Like the fall of the Berlin Wall 30 years ago, global civil unrest is finally stripping the political elite of power

Protesters in Iran gather around burning car during a demonstration against rise in petrol prices: AFP/Getty
Protesters in Iran gather around burning car during a demonstration against rise in petrol prices: AFP/Getty

While covering the 30th anniversary of the fall of the Berlin Wall earlier this month, I ran into a snag. Even though I had submitted my application to the German chancellor’s office well beforehand, the group of underpaid young temporary workers contracted out to process out press cards told me there had been last-minute “security” procedures, and that I would have to wait for clearance before I – as a journalist – could access an event celebrating freedom and the liberal order.

I wasn’t alone. There were dozens of other journalists caught up in the same “security” delay, some waiting as long as four hours in the cold drizzle to obtain press accreditations that they had been assured they would pick up without a hitch.

Like those dragged into secondary screening at airports, the journalists forced to wait for their “security” clearance were overwhelmingly Arab, Middle Eastern, or darker-skinned.

After an hour of standing in the cold, I demanded my identification back, noted the irony of hassling the media on this particular day, and covered the festivities without access to the main event. I filed while enjoying a Vietnamese dinner after watching frustrated Berliners eager to celebrate the reunification of their city thwarted by roadblocks and phalanxes of armed police.

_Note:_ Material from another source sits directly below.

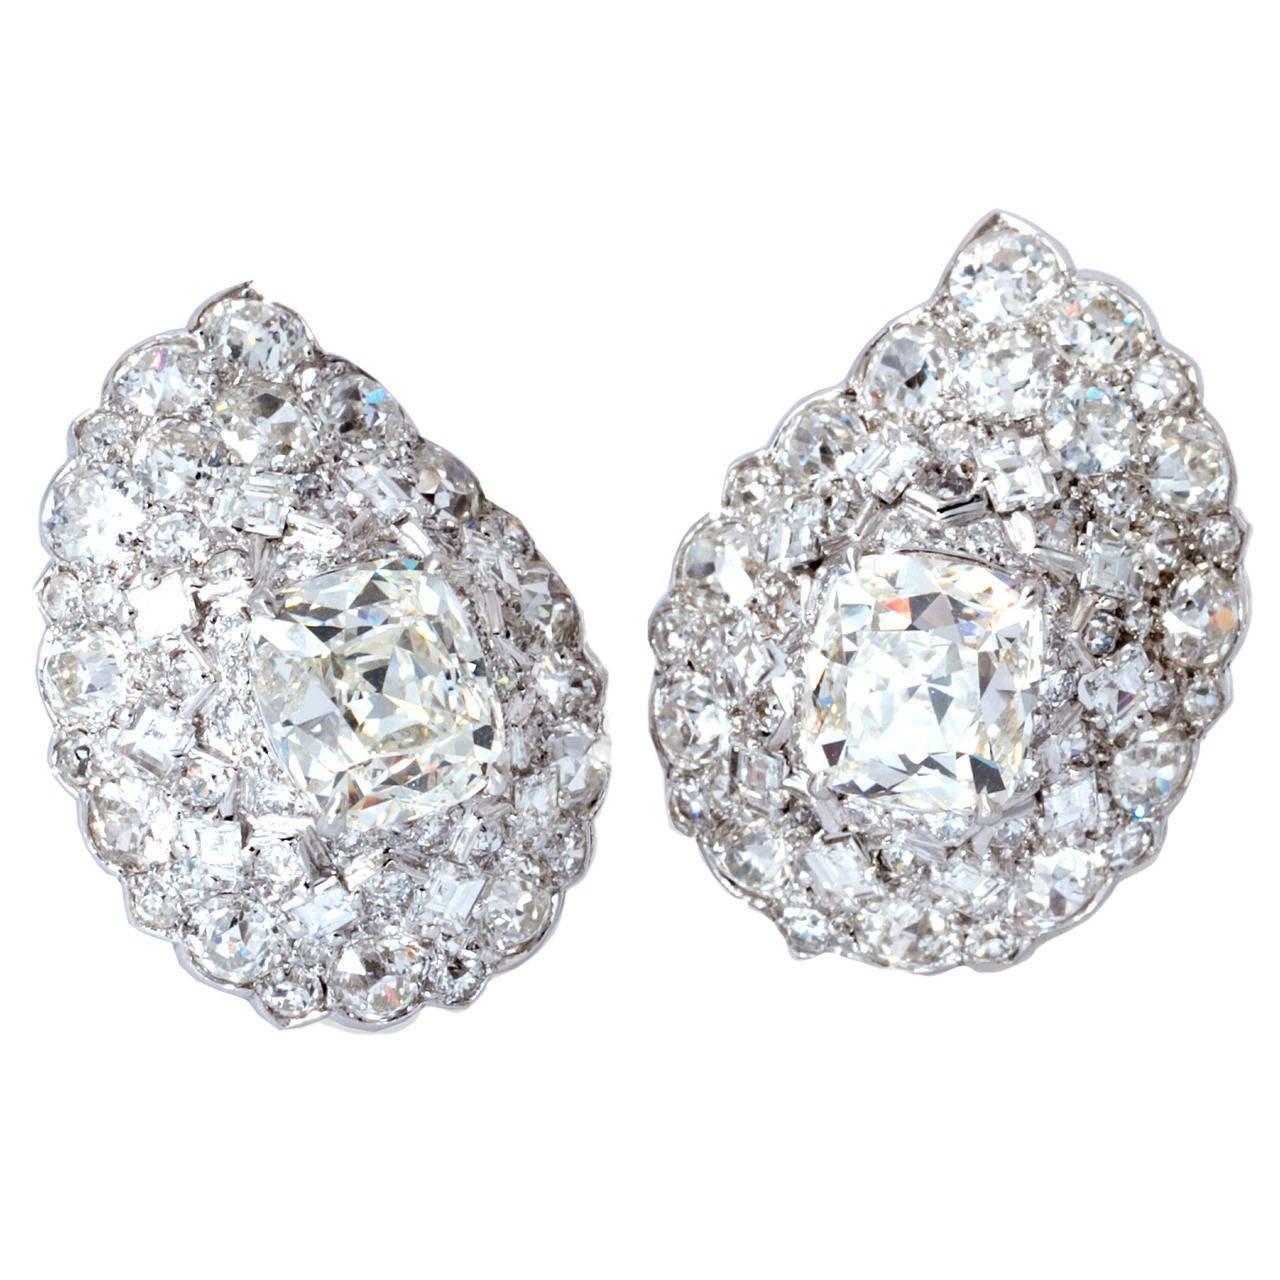 Cartier Diamond Earrings For Sale At 1stdibs

It struck me that my experience that evening reflected some of the harsh intervening realities that have all but erased the joy of that moment of 30 years ago.

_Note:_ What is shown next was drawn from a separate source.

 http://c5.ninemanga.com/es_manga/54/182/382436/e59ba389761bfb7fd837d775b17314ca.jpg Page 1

Over the last few decades, both the security apparatuses that arose in the wake of the 11 September attacks and the arrogance of the powerful elites who barricade themselves behind Green Zones have drastically tempered, if not crushed, the outpouring of hope in the shadow of the Brandenburg Gate 30 years ago this month.

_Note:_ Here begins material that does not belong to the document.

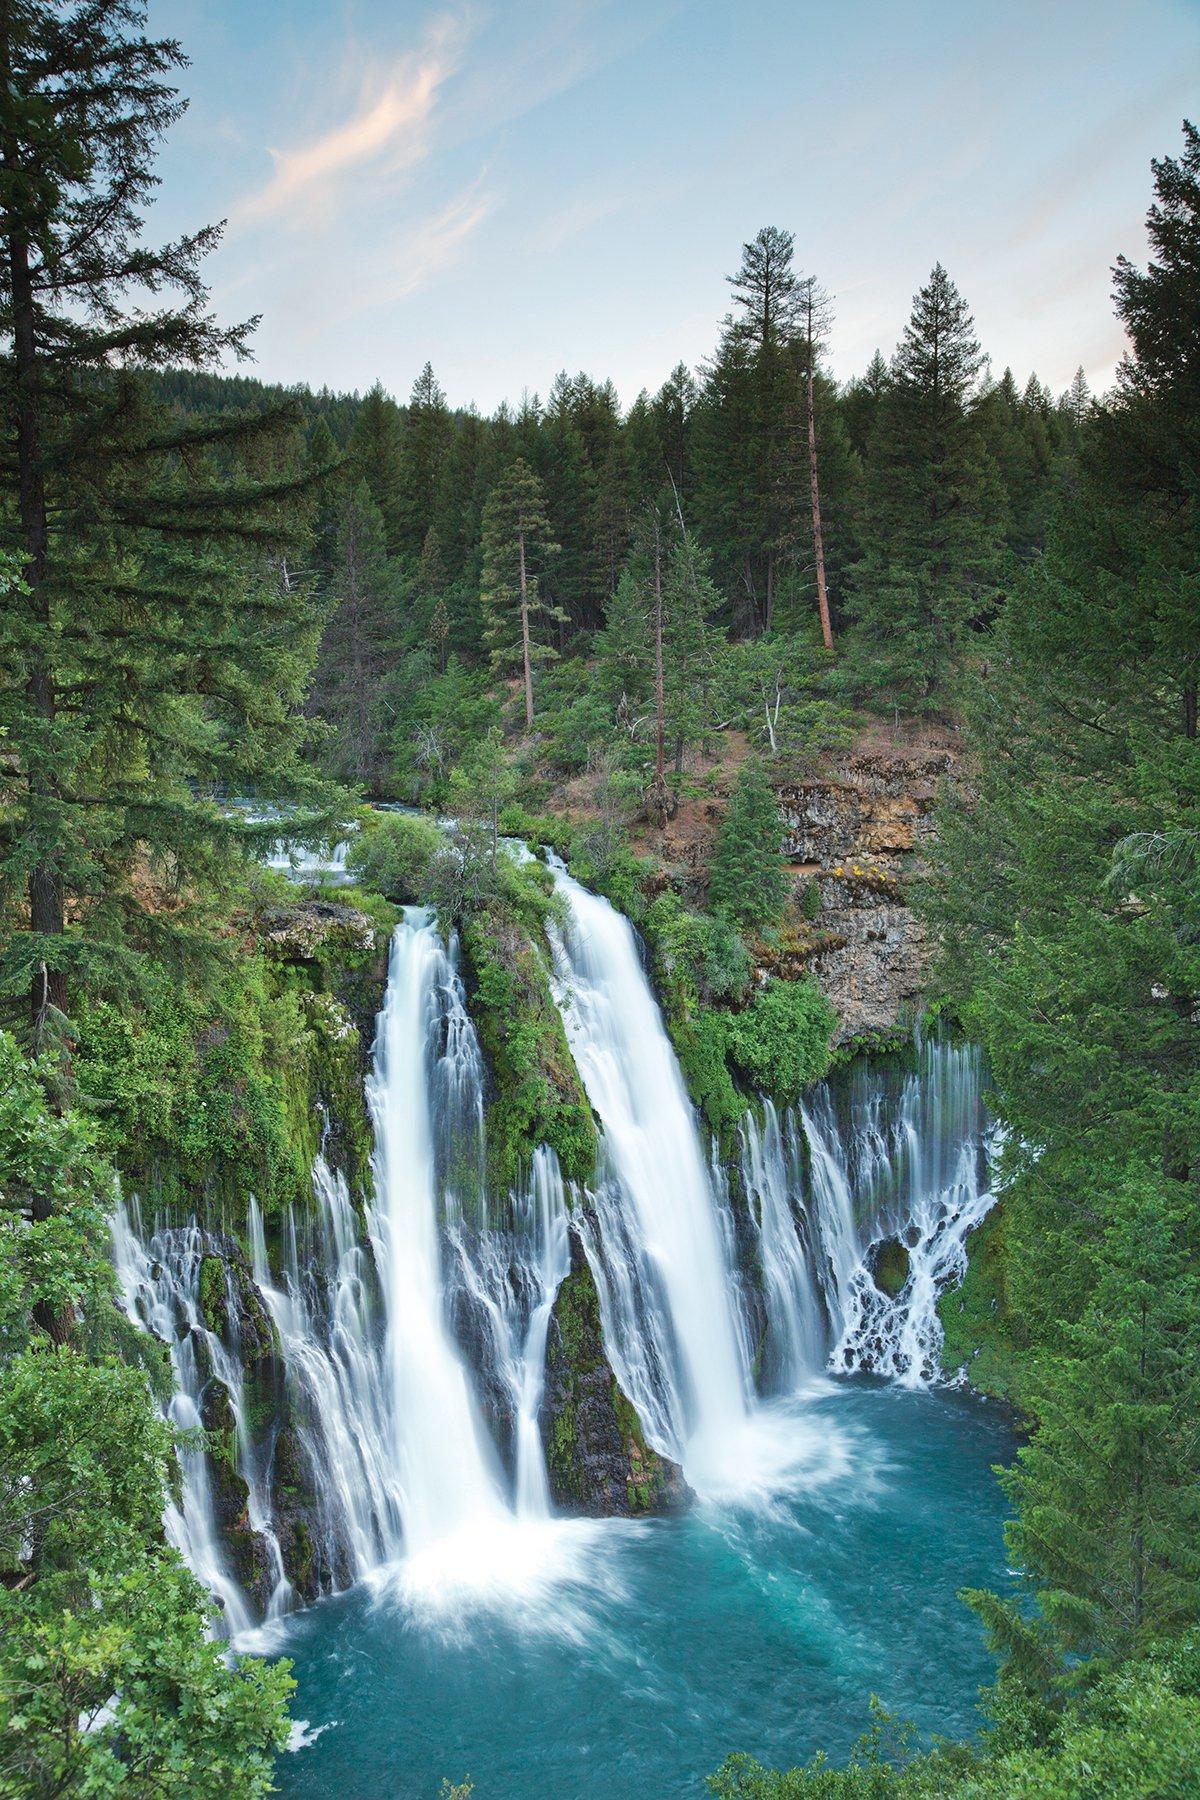 Burney Falls HD wallpapers, Desktop wallpaper - most viewed

Coincidentally, I happened to be in both Berlin as a university student on 9 November 1989 and New York City as a magazine journalist on 11 September 2001, when two planes downed the World Trade Center.

In both cases, chaos ensued locally, with transportation and communications networks collapsing. For me, there was fear amid the mayhem in both cities, as I struggled to get to class or work, and check in with worried friends and family.

There had been harbingers in both cases. There were months of protests in eastern Europe. There was the USS Cole attack and the assaults on US embassies in Africa.

But both days were shocking. The worlds that we thought we knew came crumbling down within hours. The assumptions that politicians, scholars and journalists had made quickly unravelled, the edifices they had painstakingly built over decades became relics of a past era.

For me, 9 November and 11 September reinforced the view that history doesn’t move in nice clean lines, but that energy builds up imperceptibly before bursting suddenly – like an earthquake – delineating new conflicts and alliances.

Whether with barbed wire, barricades and concrete, or overwhelming glass-and-steel monuments to their power, the world’s elite and powerful seek to project an aura of invincibility or, even better, inevitability, as if they are the culmination of history.

But no matter how deeply entrenched, elites can be thwarted, or at least challenged. Over the last decade, there have been massive popular uprisings against regimes in Iran and the Arab world. Over the past year, there have been revolts against ruling elites in countries as varied as Chile, France, Sudan, Lebanon, Iraq, Czech Republic and Algeria as well as the city-state of Hong Kong. Protests over fuel prices ignited this weekend in Iran.

While over different issues, there are general themes that cut across borders: economic polarisation, political repression, corruption and mismanagement.

Thirty years ago, the Cold War came to an end. Instead of building upon the spirit of joy that came of that moment, the inheritors of the new order botched it badly. They built up an economically unjust world increasingly kept in line with police-state tactics. That world is now bursting at the seams with popular dissatisfaction over obvious and damning failures by world leaders of the type who gather annually at ski resorts.

Yet the same elite political and corporate order remains largely in power, from Berlin to London to Washington. They have yet to pay a price for their mistakes, incompetence and corruption.

East German president Erich Honecker famously vowed just 10 months before its downfall that the Berlin Wall would remain for 100 years. But we know now that nothing is inevitable, and no one is invincible.